From 1955 until 1959 Moswitzer undergoes an apprenticeship as a toolmaker and started to paint during these works. From 1959 he attended the school for arts and crafts in Graz (graphic and sculpture and made his first works in wood and stone, wood-iron installations as well as sculpture from scrap metal). From 1961 this was followed by several trips to Paris, Italy and Spain.
His interest in a dynamisation of sculptures received new aspects, especially during his stay in Paris: sculptural works by Constantin Brancusi and Alberto Giacometti as well as paintings by Rothko and Pollock left a sustainable impression. In 1961/62, iron scraps and prefab parts were used as material for his sculptural designs, and from 1963 he creates column sculptures. In the same year he destroys most of his early works.

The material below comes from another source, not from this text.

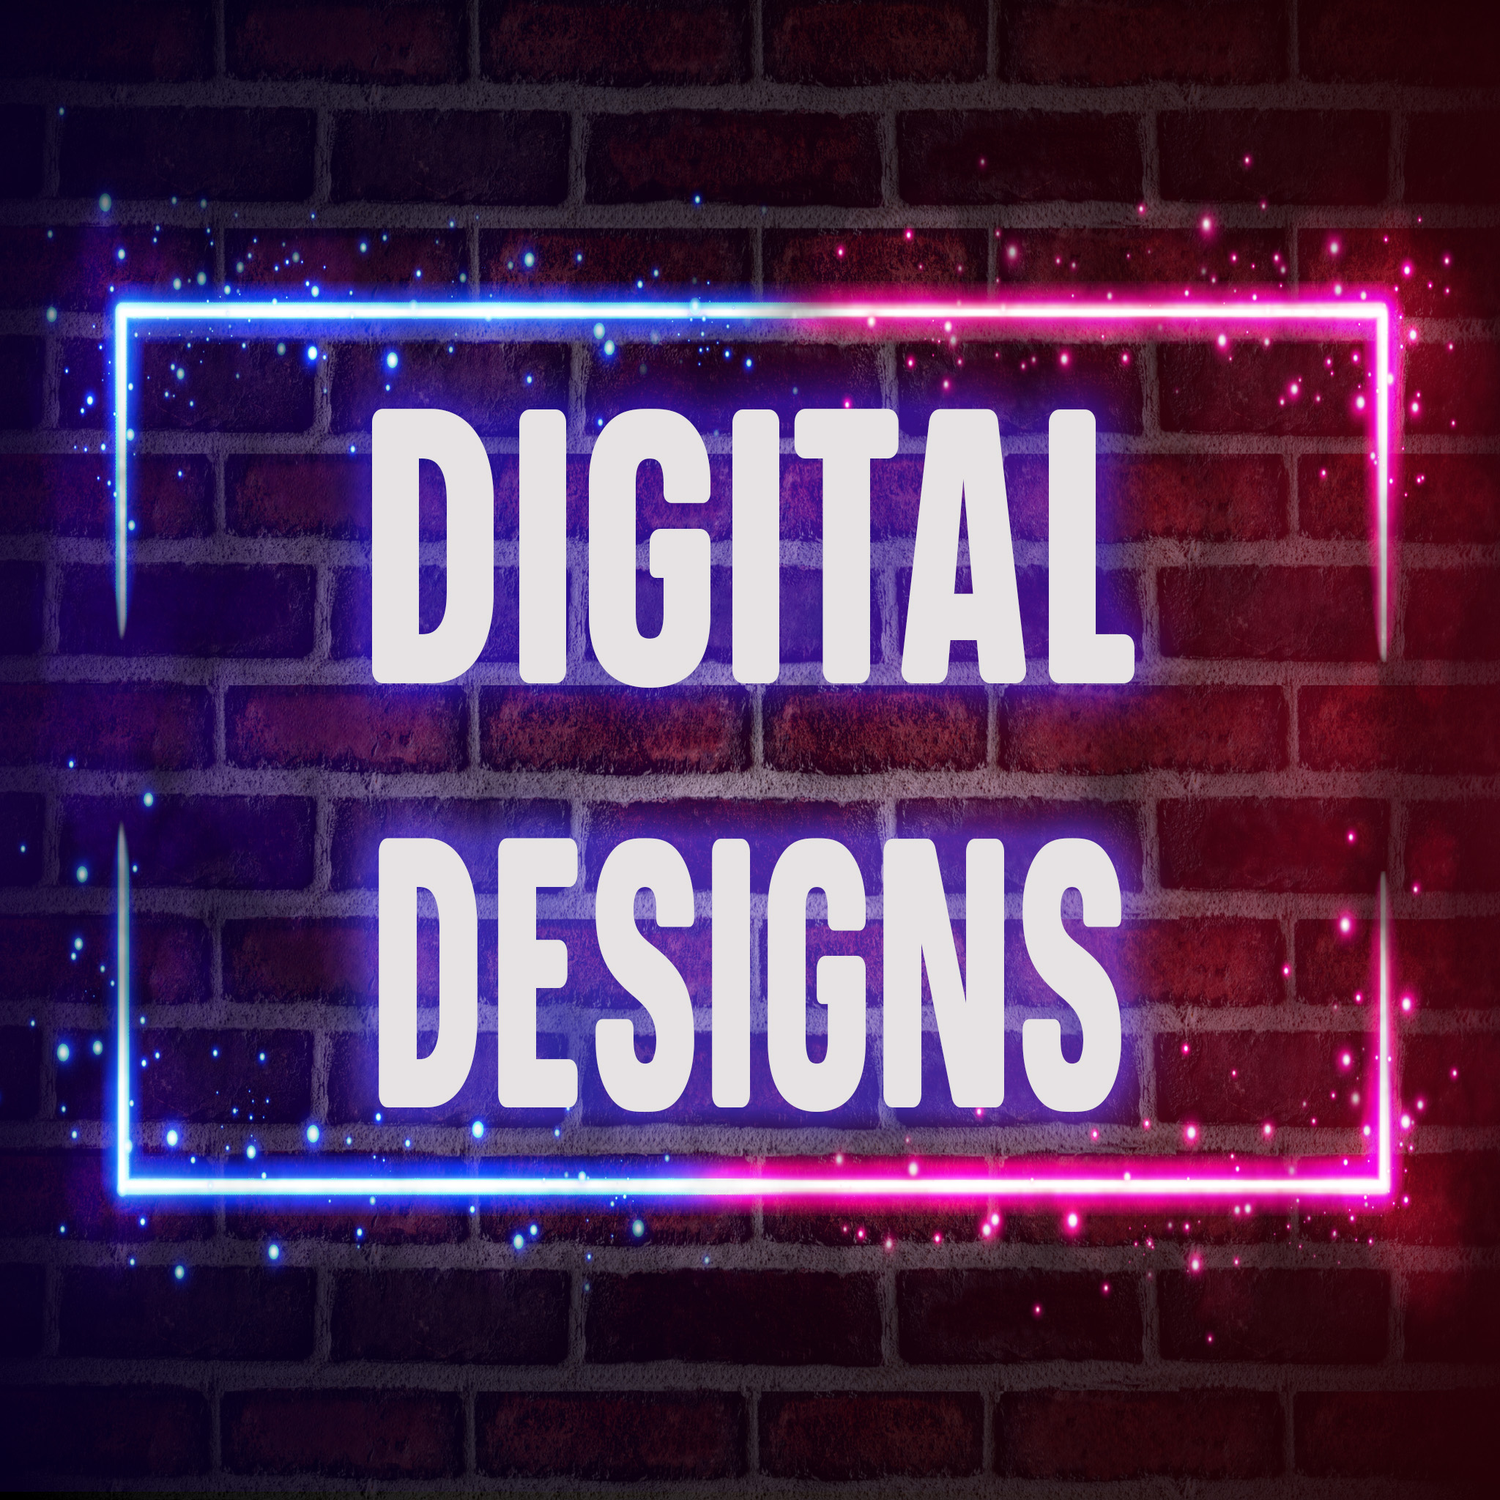 Digital Designs COMING SOON!

In 1966 he received the award of the Theodor-Körner foundation. In 1969 his works were shown at the Wiener Secession and can still be seen at the Musée d` Art Moderne in Paris. In 1970 he designed cube sculptures, from the mid 1970s, on the one hand, he expanded the canon of forms, on the other hand he integrated new material (stainless steel, brass, plexi glass, non-ferrous metal and bronze fusions) in his design. In the same year, the artist represented Austria at the Biennial in Venice. At the beginning of the 1980s, he made numerous long-play records, tape recordings and videos.
In 1978 he received the honorary prize for fine arts from the Federal Ministry for education and art; in 1981 the prize of the City of Vienna and in 1987 the honorary prize for fine art of the Region of Styria. Since 1997 Moswitzer occupies himself with computer works, animation and experimental music. In 1998 he was awarded the Josef Krainer prize.
In Moswitzer’s work, the dynamisation of surfaces and spatial structures plays an important role. In the course of the years he developed his geometrical-abstract sculptures, drawings and photos with increasingly differentiated directions of movement in surface and space. The representation of movement in its geometric abstraction is as determining for the sculptures as their formal and material simplicity.
The artist has been internationally successful and has exhibited in places such as Budapest, Bolzano, Brussels, Lyon and New York.